*Prompt*
Exactly the lines from the one holding "Aesthetic Wave Wallpaper" through the last line of the listing below must appear in the answer, and no pictures.

*Given data*
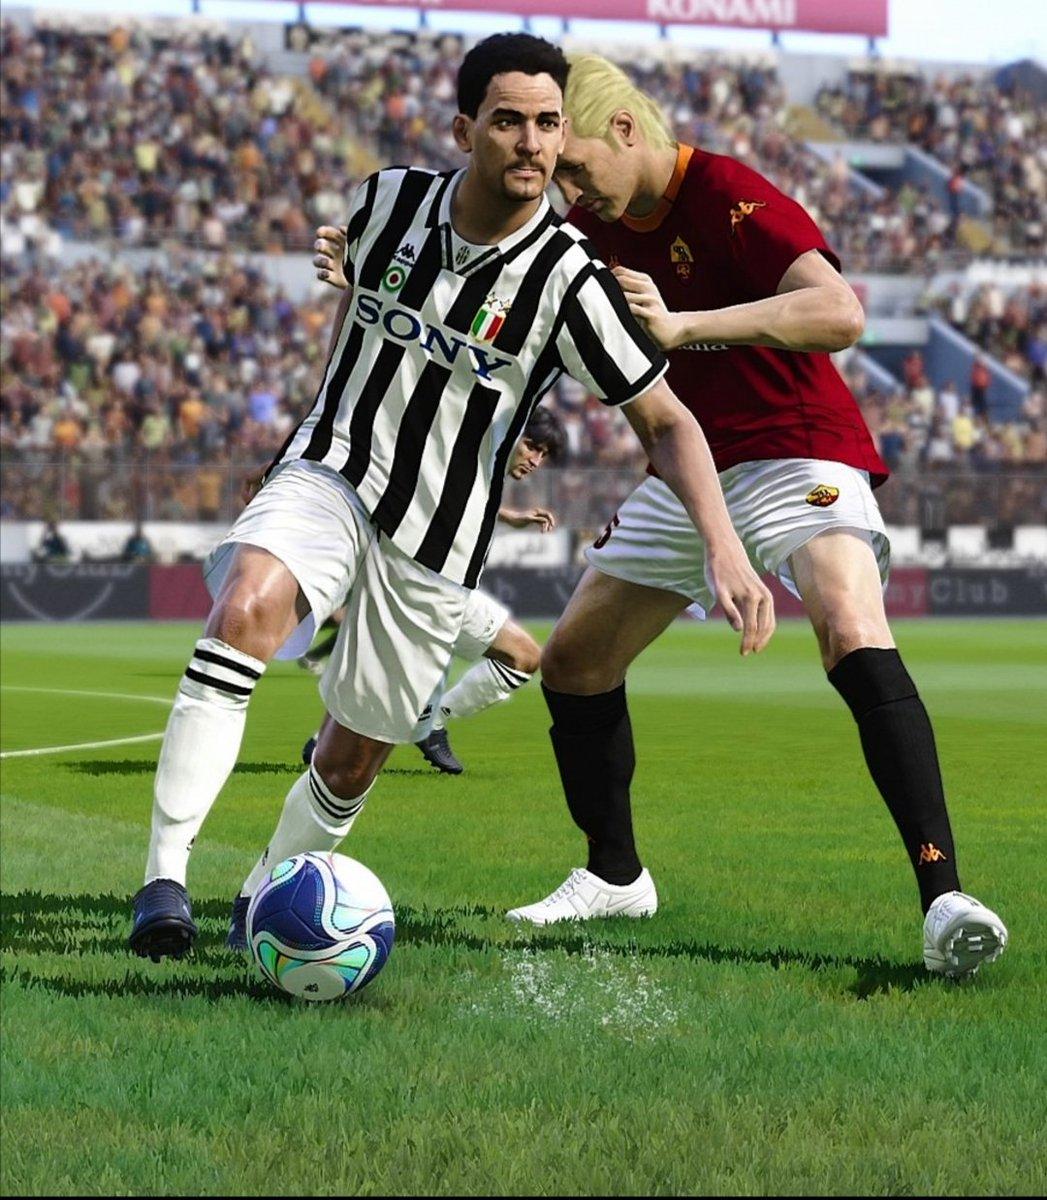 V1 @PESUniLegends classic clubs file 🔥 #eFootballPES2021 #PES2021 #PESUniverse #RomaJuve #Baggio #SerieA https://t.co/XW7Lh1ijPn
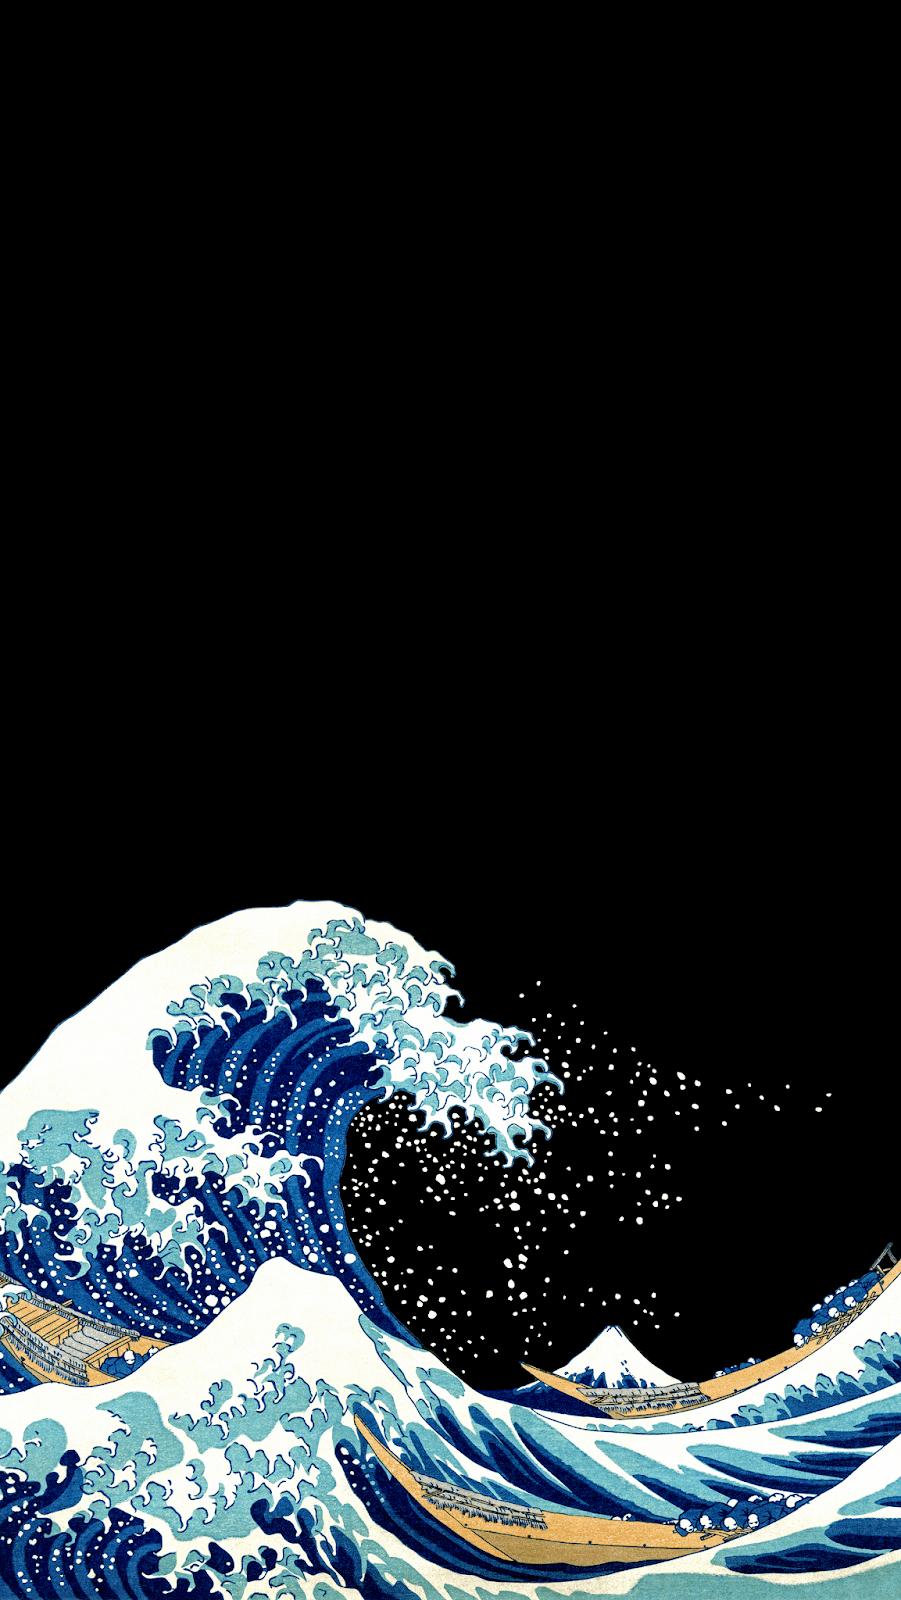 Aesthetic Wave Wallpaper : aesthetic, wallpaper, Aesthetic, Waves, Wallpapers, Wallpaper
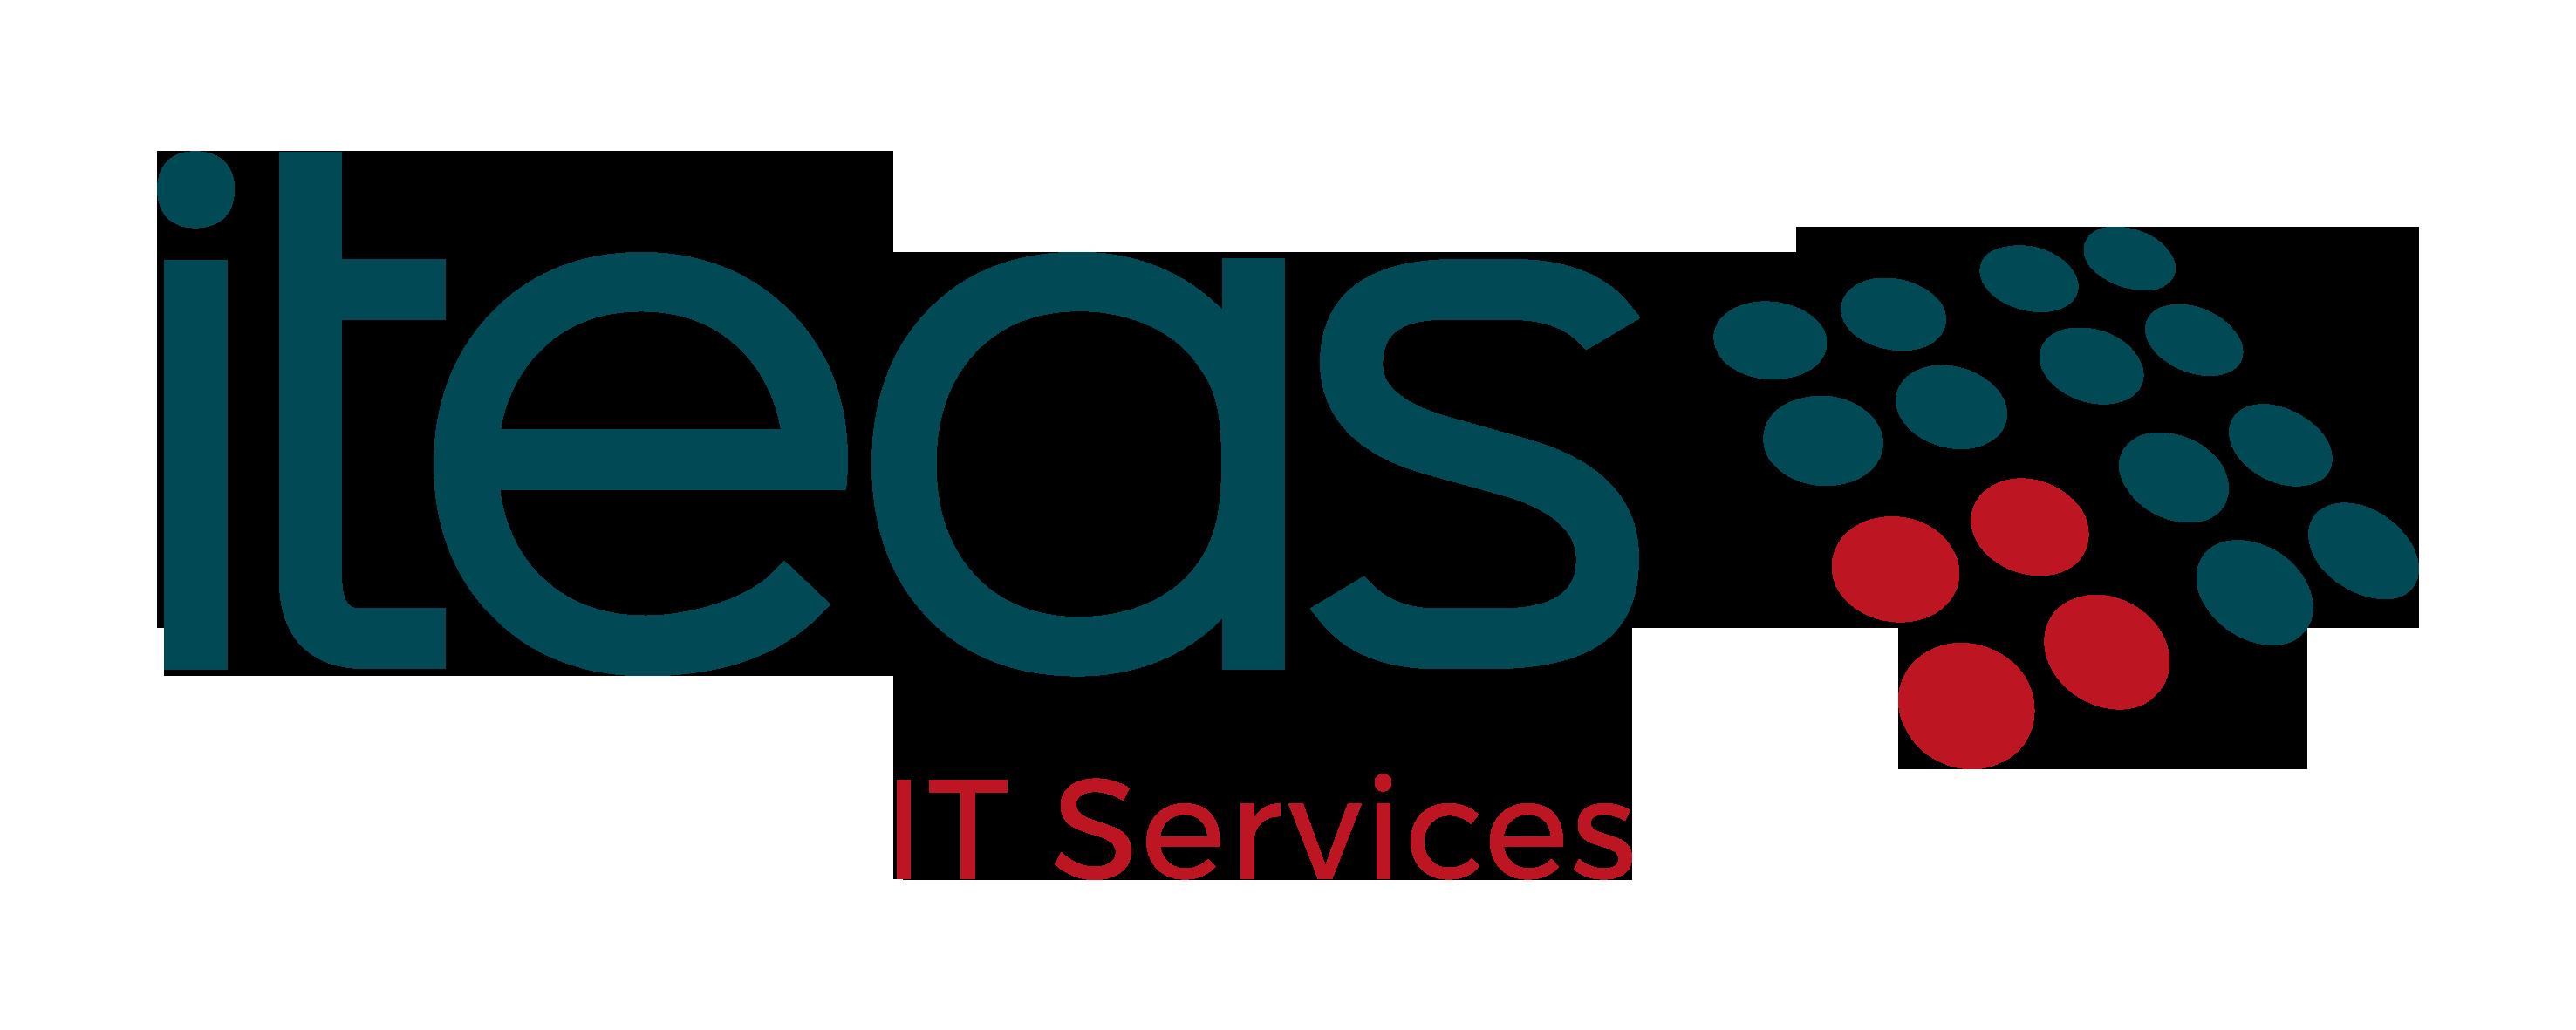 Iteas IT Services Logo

*Answer*
 Aesthetic Wave Wallpaper : aesthetic, wallpaper, Aesthetic, Waves, Wallpapers, Wallpaper
 Iteas IT Services Logo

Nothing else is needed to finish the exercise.